Both companies have started working on revolutionary new adaptive-cycle jet engines that will power the successors to the Boeing F/A-18E/F Super Hornet and Lockheed Martin F-22 Raptor.
These advanced engines would be able to vary their bypass ratios for optimum efficiency at any combination of speed and altitude within the aircraft’s operating range unlike today’s engines that are at their best at a single point in the flight envelope.
The powerplants have to be ready well ahead of air vehicle development—as both the Air Force and Navy discovered in the 1970s with the McDonnell Douglas F-15A Eagle and Grumman F-14A Tomcat with both type encountering severe difficulties with their engines.
Some of the key requirements for those next-generation fighters can be extrapolated from the goals set forth by the Air Force Research Laboratory and Office of Naval Research for their respective research and development efforts.
The Air Force has its Adaptive Versatile Engine Technology (ADVENT), Adaptive Engine Technology Development and NextGen programs mature next generation engine technology for a future F-X fighter while the Navy has its Variable Cycle Advanced Technology (VCAT) program looking at how those same technologies could be adapted for naval aviation.
Jeff Martin, General Electric’s expert on sixth-generation fighter propulsion, said that some of those extrapolated requirements suggest that a sixth-generation warplane will have much longer range than existing strike aircraft.
Further, the aircraft will be fast—with very high acceleration—and it will have excellent subsonic cruise efficiency.
“The bottom-line is it’s going to have to be a variable-cycle engine to meet those kinds of needs and not be a humongous airplane,” Martin said.
A variable-cycle engine would be able configure itself for maximum efficiency at any combination of speeds and altitudes. For example, it could act almost like a turbojet at supersonic speeds while performing like a high-bypass turbofan for efficient cruising at airliner speeds.
The indications thus far point towards aircraft designs that would have the finess ratio needed to supercruise—even if the requirements do not explicitly call for such a capability.
“The Navy has talked about a deck launched intercept mission where you get up and go, and get up some number hundred nautical miles away and you get there as fast as you can, as efficiently as you can,” Martin said.
That mission would be reminiscent of the F-14, which was designed to launch off the deck to intercept hordes of Soviet bombers before they could launch their payload of cruise missiles. While that mission disappeared after the collapse of the Soviet Union, a fast rising China may eventually pose a similar threat to the carrier strike group.
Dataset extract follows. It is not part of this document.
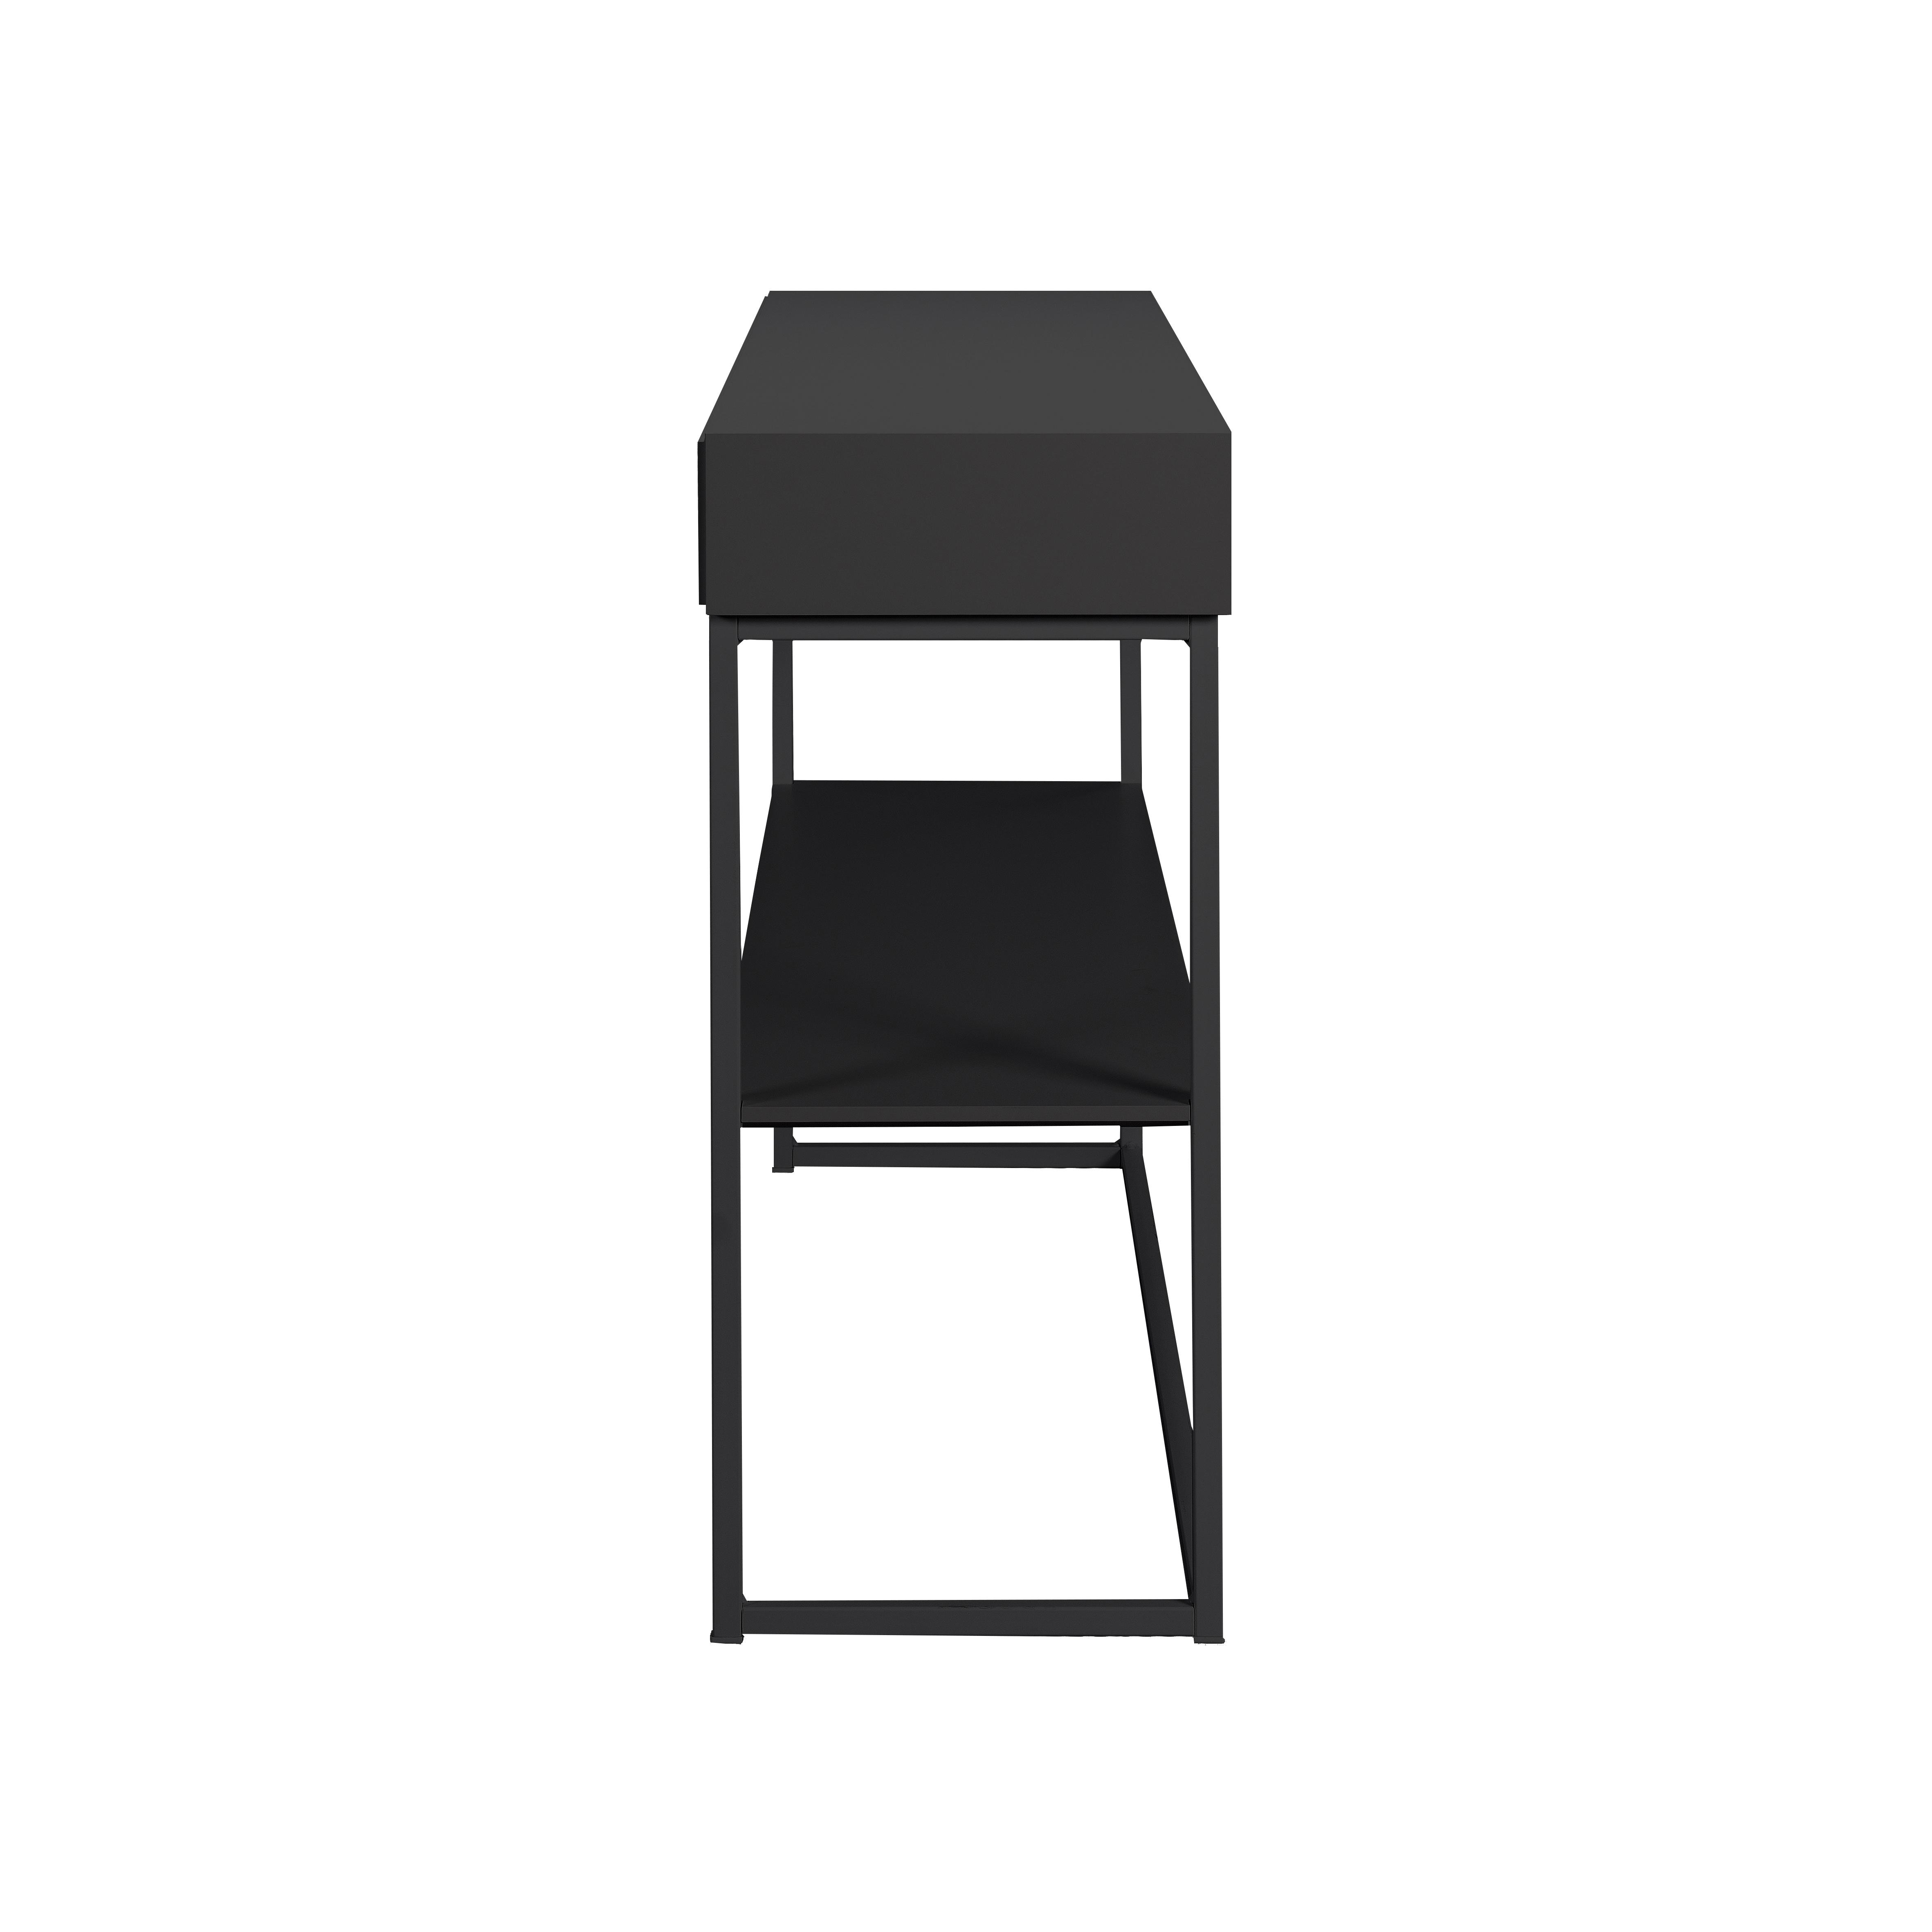 Cube avlastningsbord Black från sidan - englesson.se
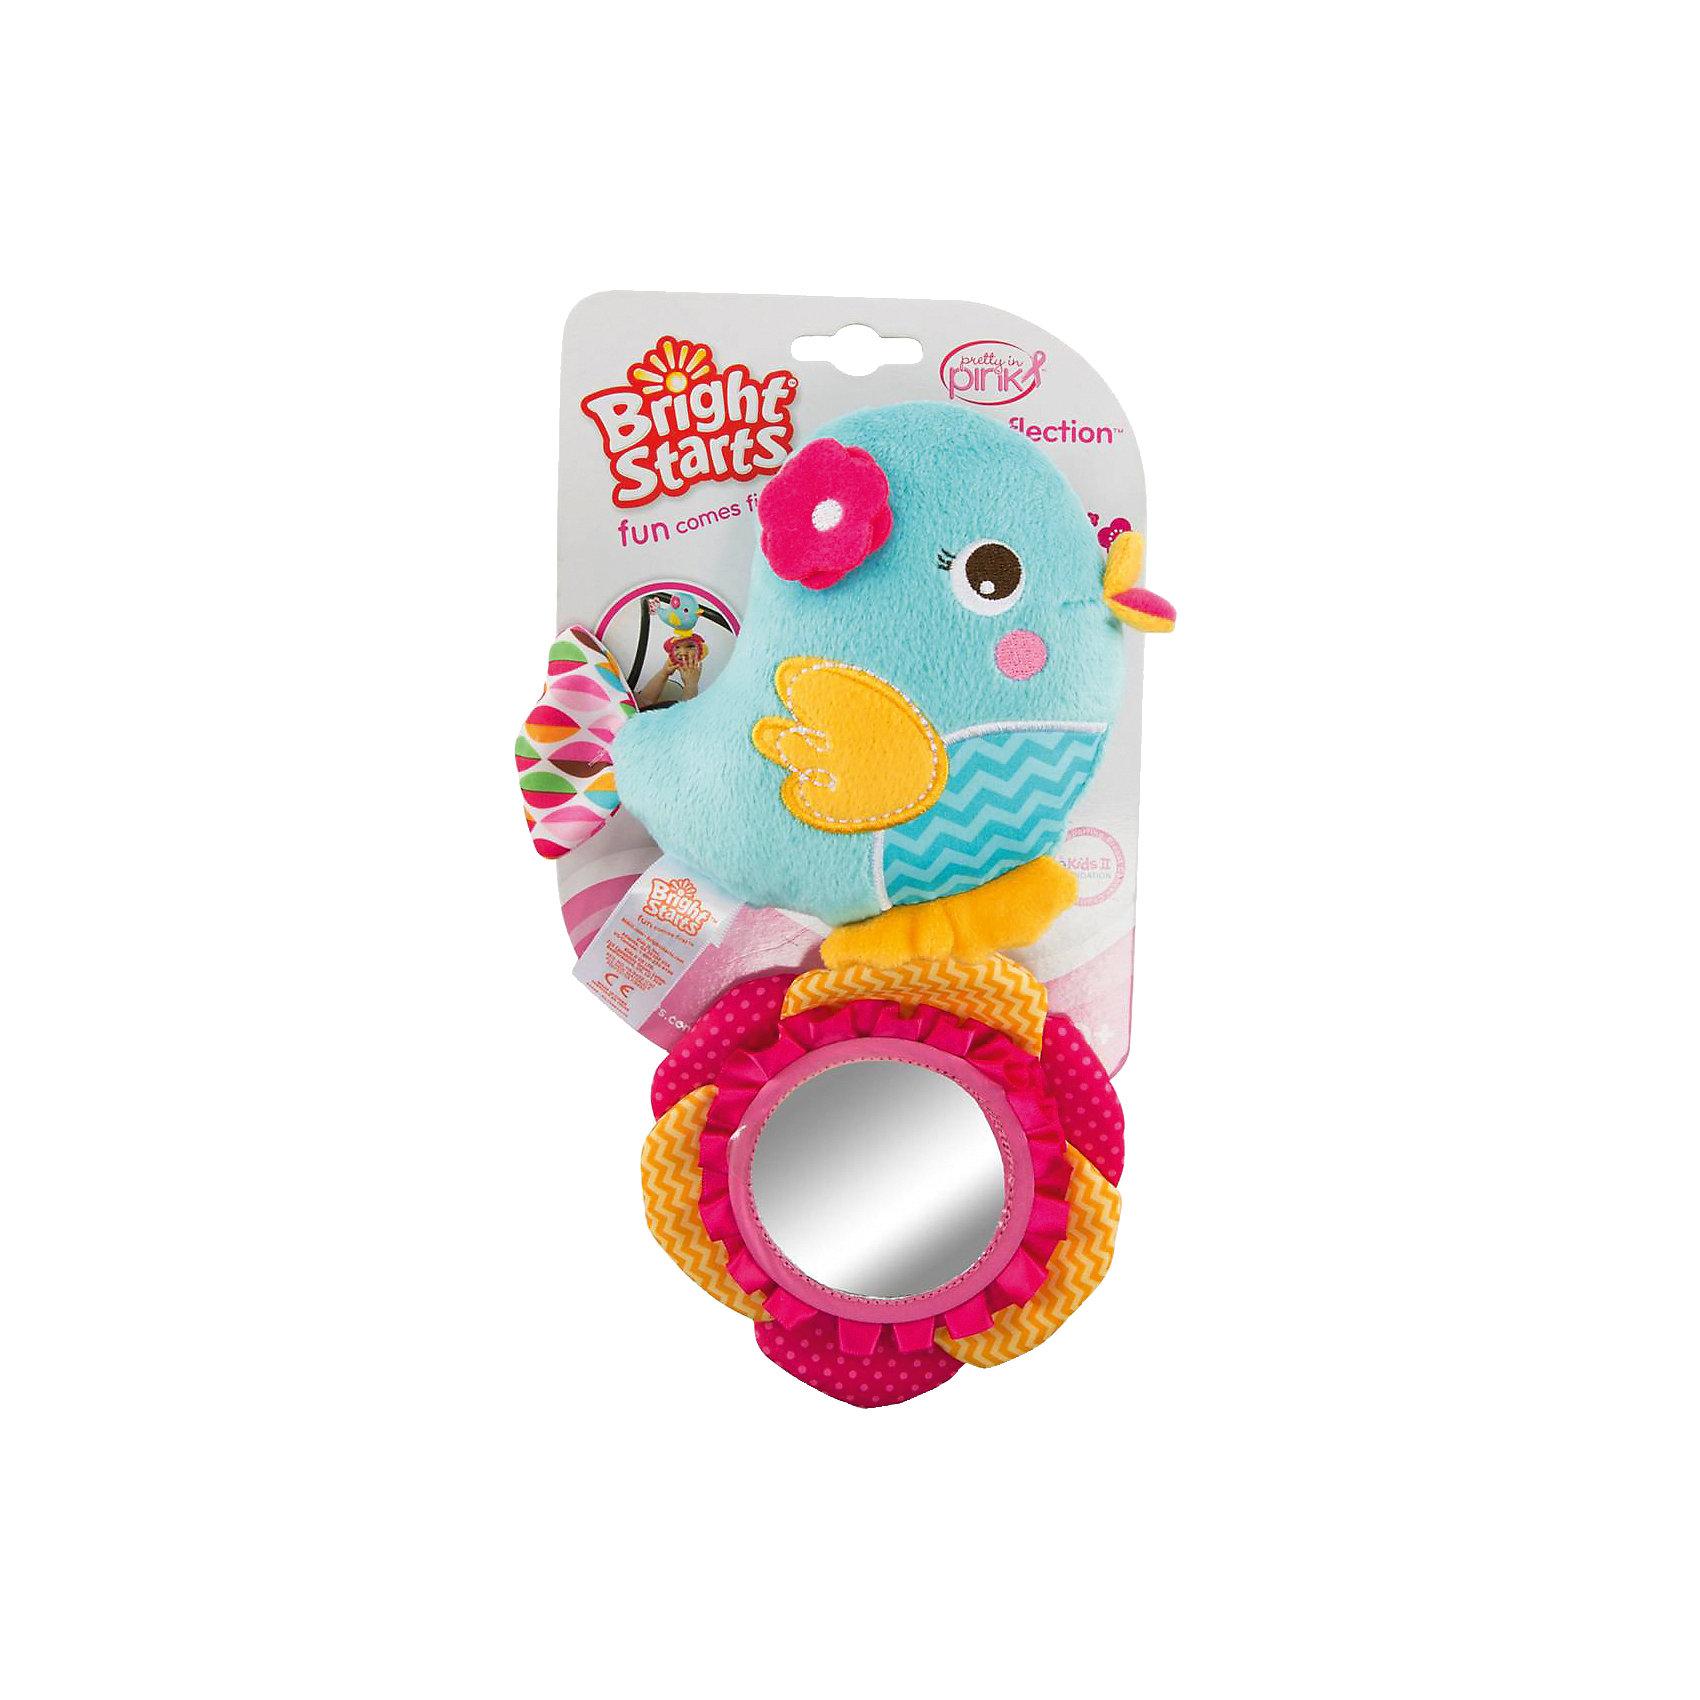 Развиващая игрушка Птичка, Bright StartsРазвивающие игрушки<br>Характеристики развивающей игрушки Bright Starts:<br><br>• высота игрушки: 24 см;<br>• материал: текстиль;<br>• размер упаковки: 20x17x5 см;<br>• вес упаковки: 60 г.<br><br>Развивающая игрушка «Птичка» мягкая на ощупь, имеет безопасное зеркальце, крепится к коляске, кроватке или автокреслу. <br><br>Развивающую игрушку Птичка, Bright Starts можно купить в нашем интернет-магазине.<br><br>Ширина мм: 145<br>Глубина мм: 48<br>Высота мм: 244<br>Вес г: 91<br>Возраст от месяцев: 4<br>Возраст до месяцев: 36<br>Пол: Унисекс<br>Возраст: Детский<br>SKU: 4553888

“It’s not clear to me that supercruise is going to be a major requirement, but it’s also not clear to me that it makes any difference at all. The airplane is going to have a pretty good fineness ratio, it’s going to be a supersonic airplane. And when its got that, and its got a variable-cycle engine in it, it’s going to be able to supercruise,” Martin said. “But whether they do it or not is a different story because to you do use more fuel when you supercruise.”
Tightly knit partnership
While the Navy and Air Force have separate programs, they are working closely together according to AFRL officials.
“The engine community is a tight knit group, we’ve had full transparency with the Navy,” the AFRL said in a statement released to USNI News.
“They’ve been invited and we welcome their participation in all the reviews. We gain additional insights from their subject matter expertise. They are a true partner in ADVENT and AETD.”
Martin offered some more details about the Navy effort.
“The VCAT program is really aimed a Navy specific items that they’re going to need for their next-gen fighter that would be additive to what AFRL is doing,” he said.
According to Martin, the VCAT effort—which will eventually lead to some propulsion rig testing—has proven to be extremely valuable. The Navy project has yielded important information on defining the exact cycles the engines should operate in—and that the airframe and engines need to be treated as an integrated whole.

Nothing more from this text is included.